> _RECORDED DATA_:
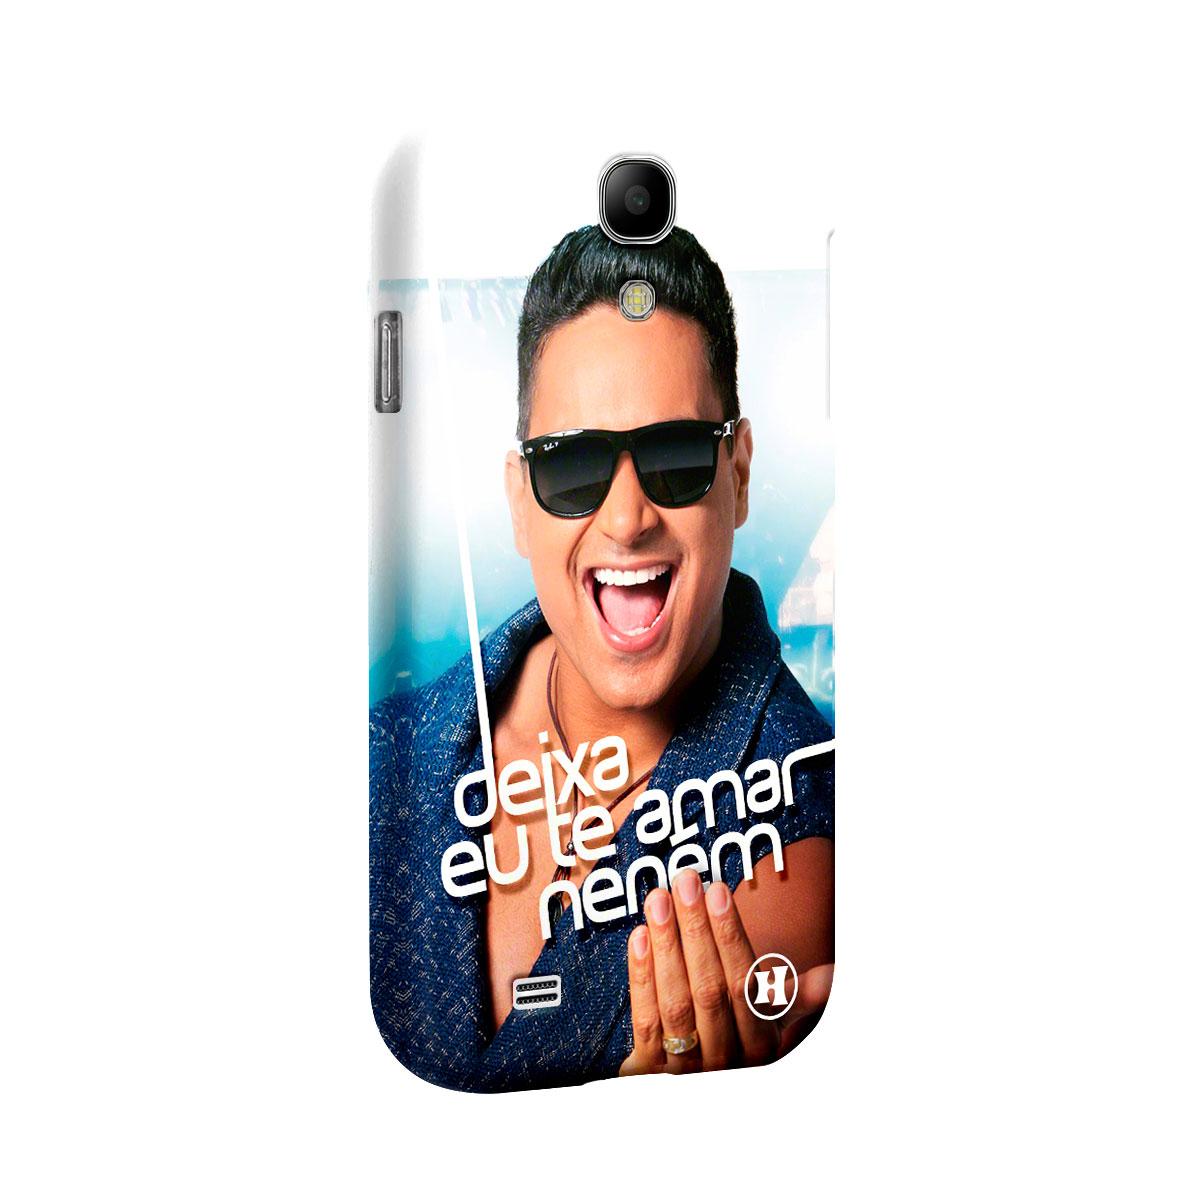 Capa para Samsung Galaxy S4 Harmonia do Samba Deixa Eu Te Pegar Neném
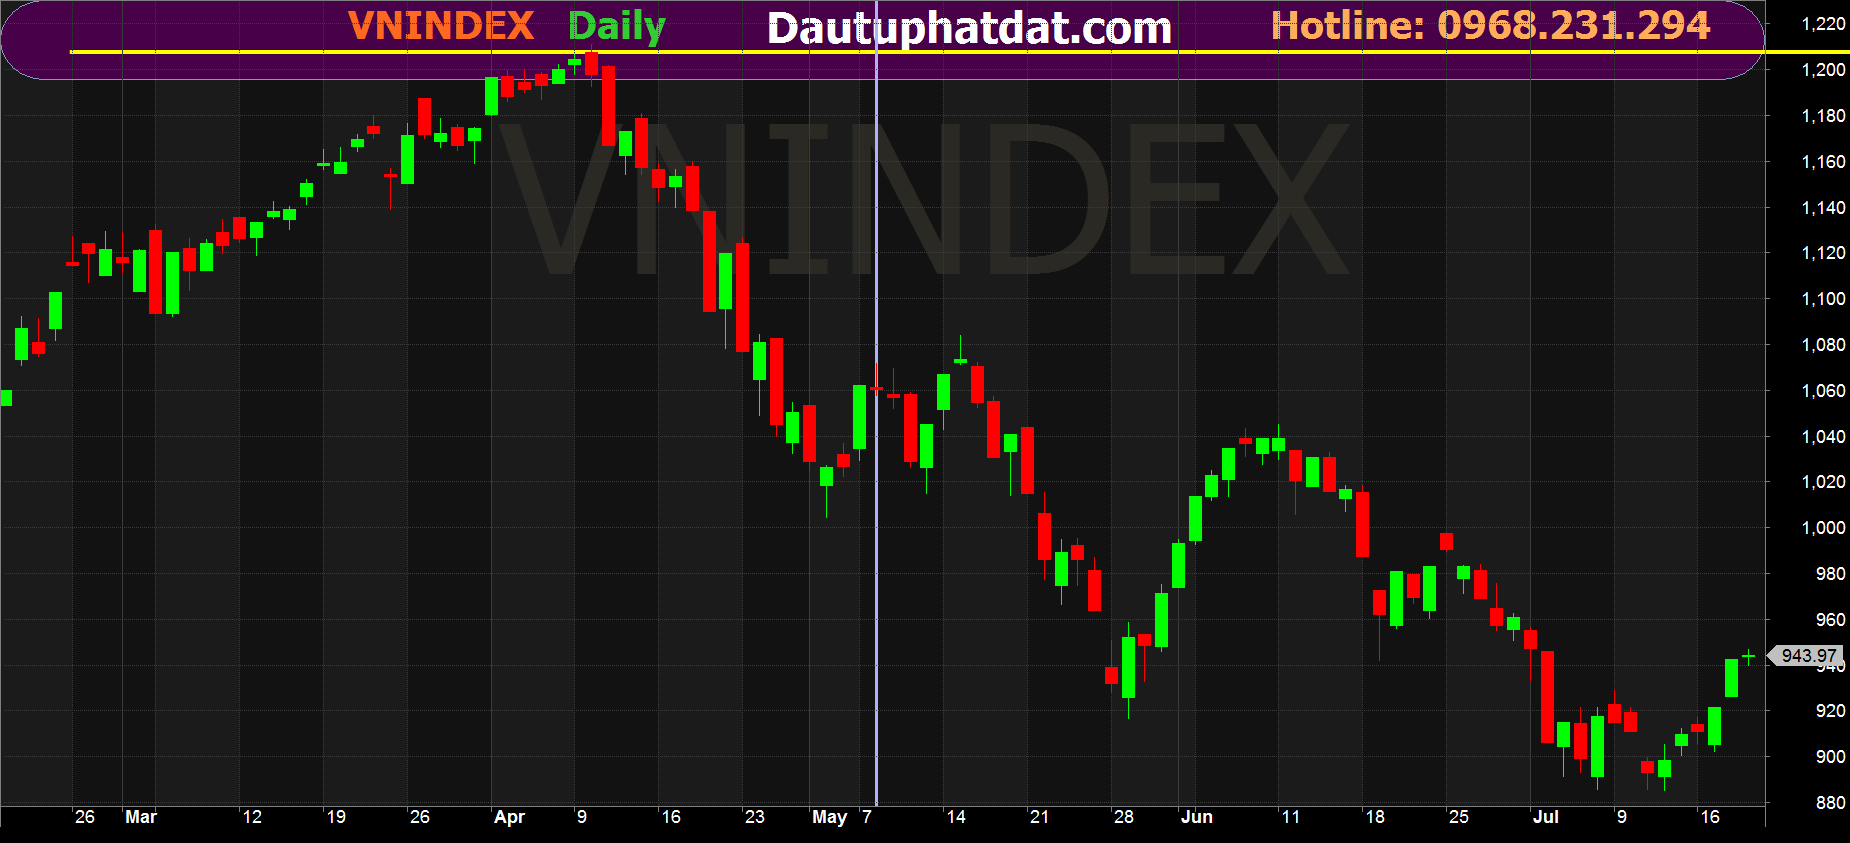 Biểu đồ Vnindex
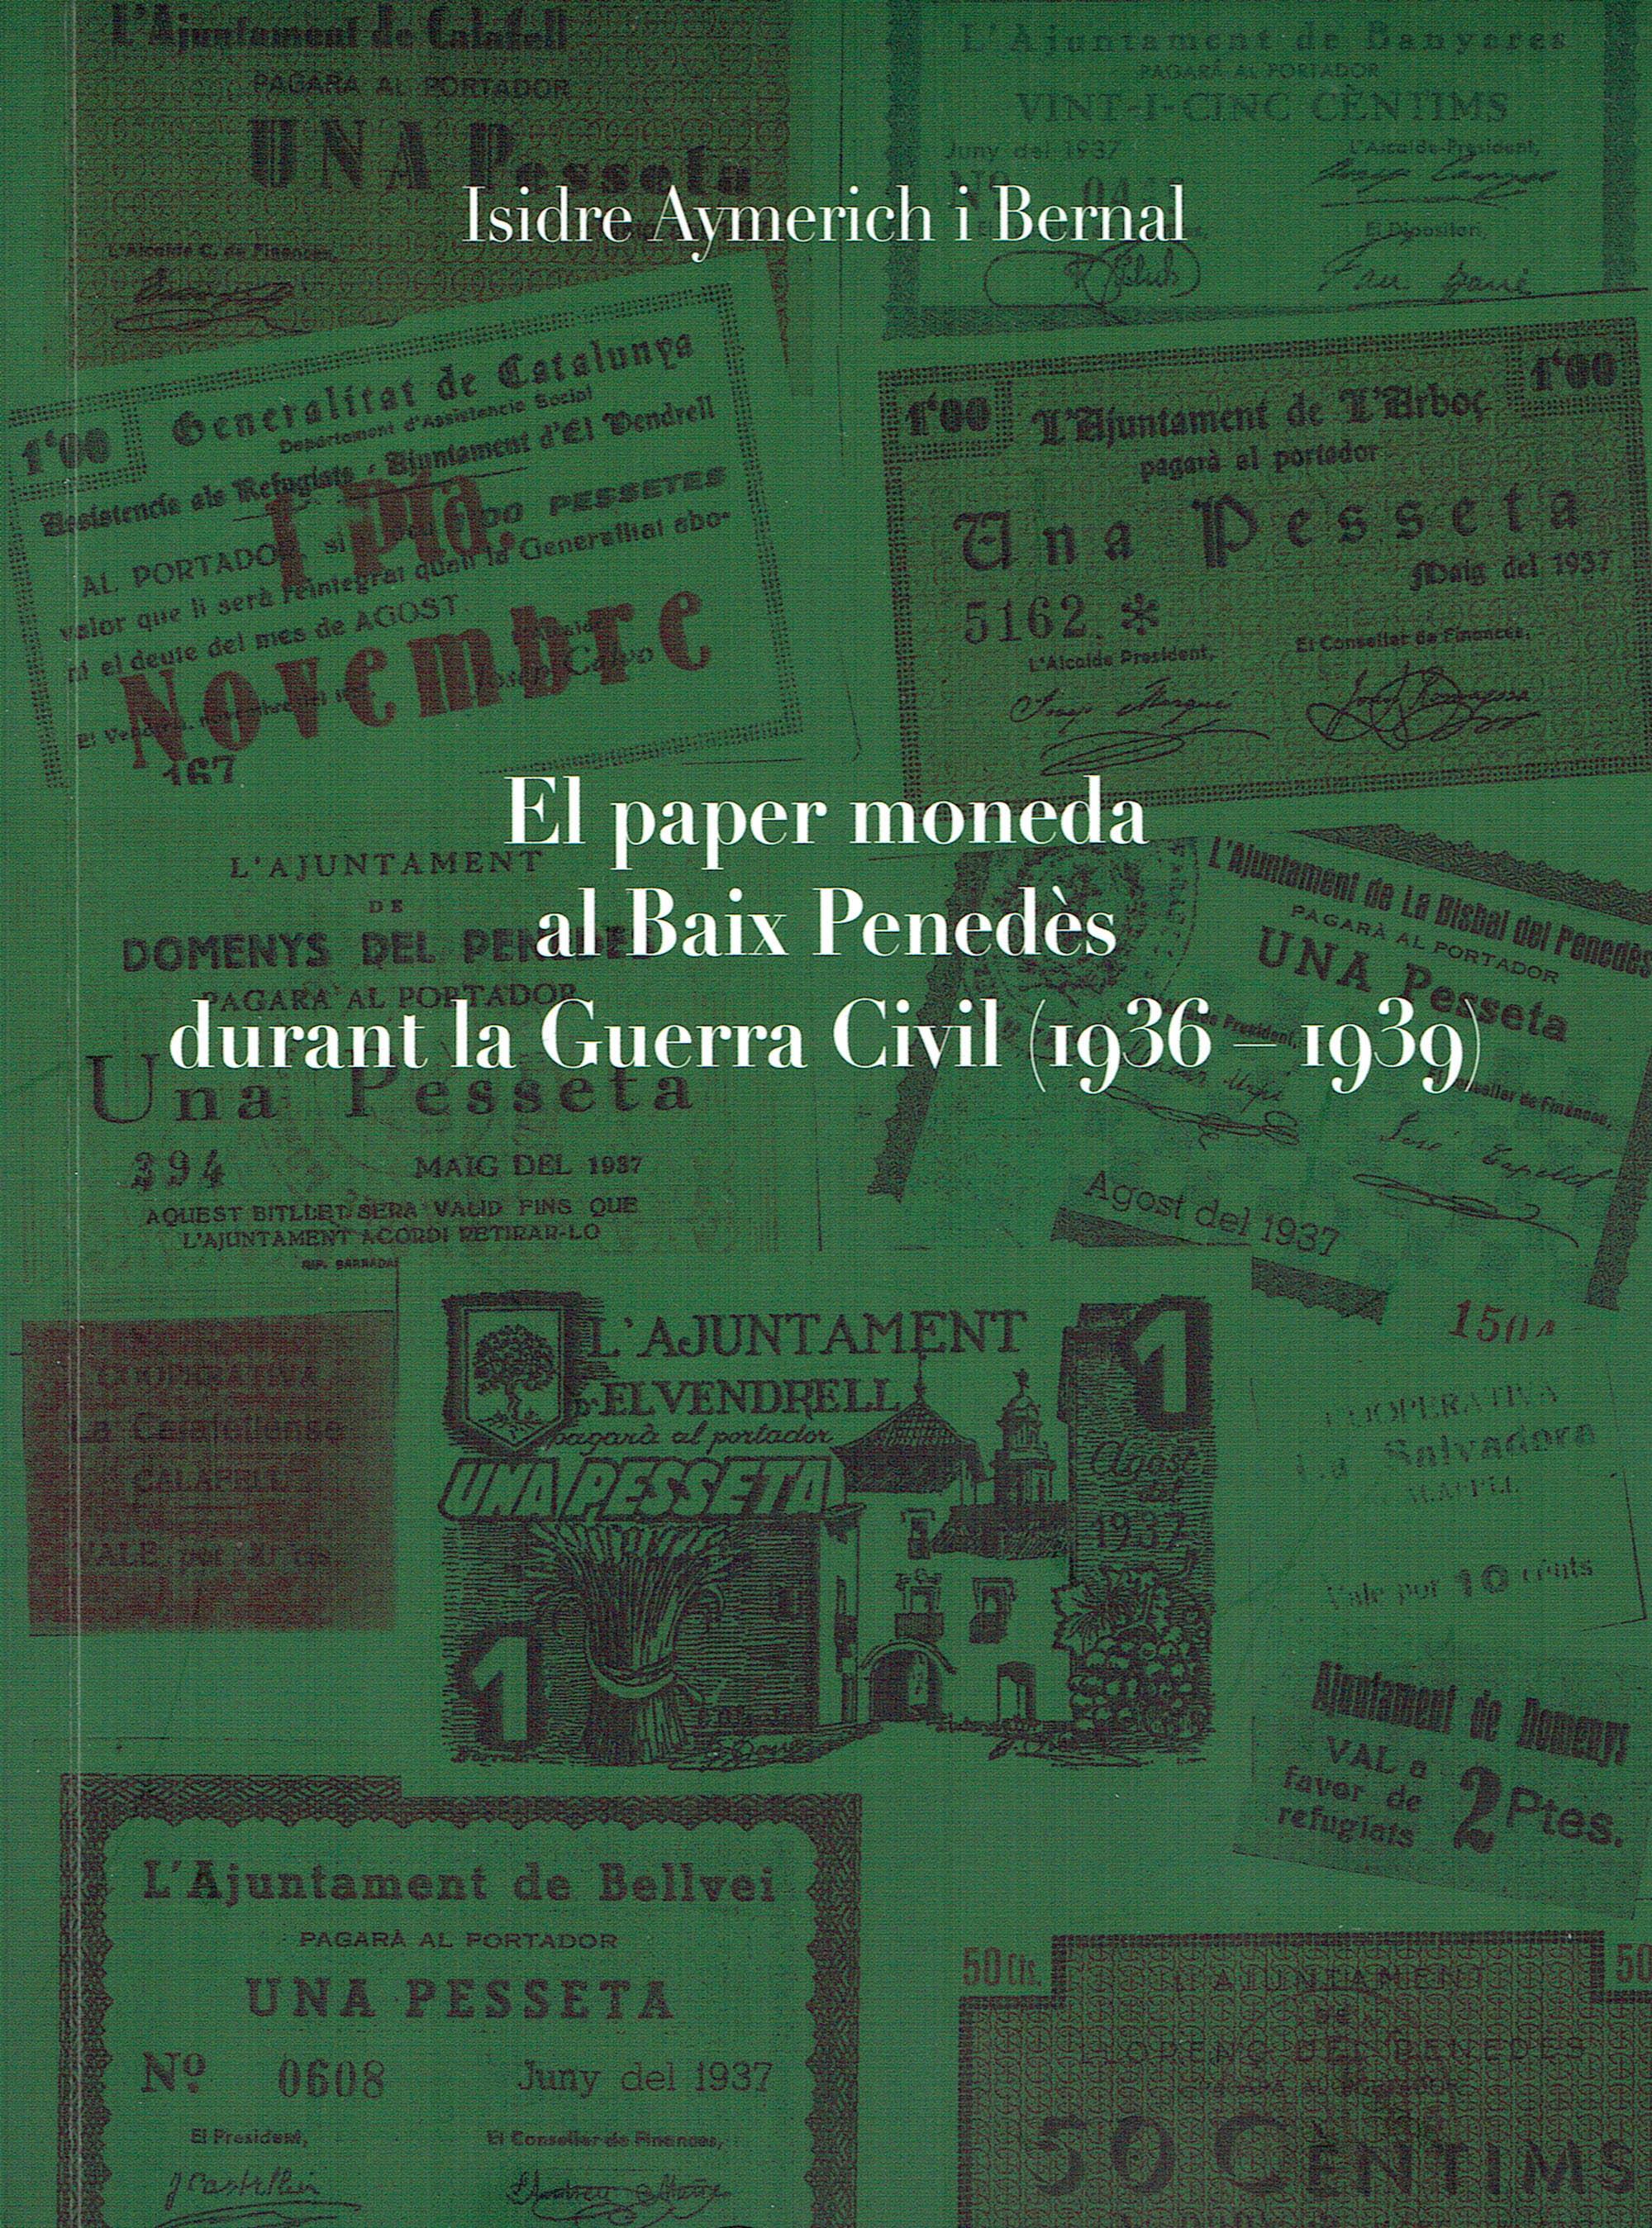 """El dijous 24 de maig a les 20h es presenta el llibre """"El paper moneda al Baix Penedès durant la Guerra Civil (1936-1939)"""" al CMC"""
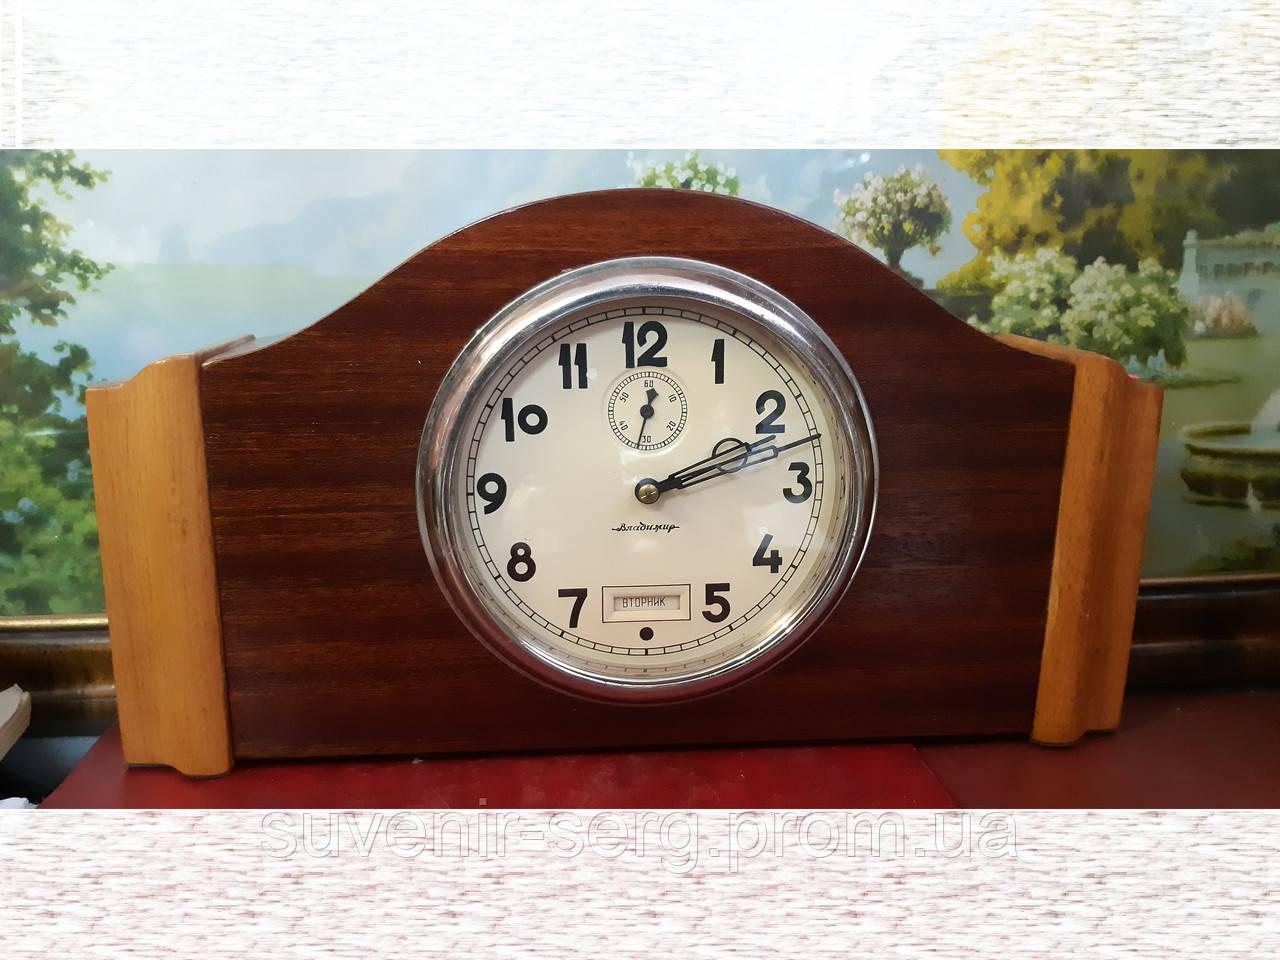 Владимире во где часы продать машино производственного стоимость оборудования часа

> _REQUIREMENT_:
Only the pictures are to be left out; print everything else in the listing exactly.

> _TASK RESULT_:
 Capa para Samsung Galaxy S4 Harmonia do Samba Deixa Eu Te Pegar Neném
 Biểu đồ Vnindex
 """El dijous 24 de maig a les 20h es presenta el llibre """"El paper moneda al Baix Penedès durant la Guerra Civil (1936-1939)"""" al CMC"""
 Владимире во где часы продать машино производственного стоимость оборудования часа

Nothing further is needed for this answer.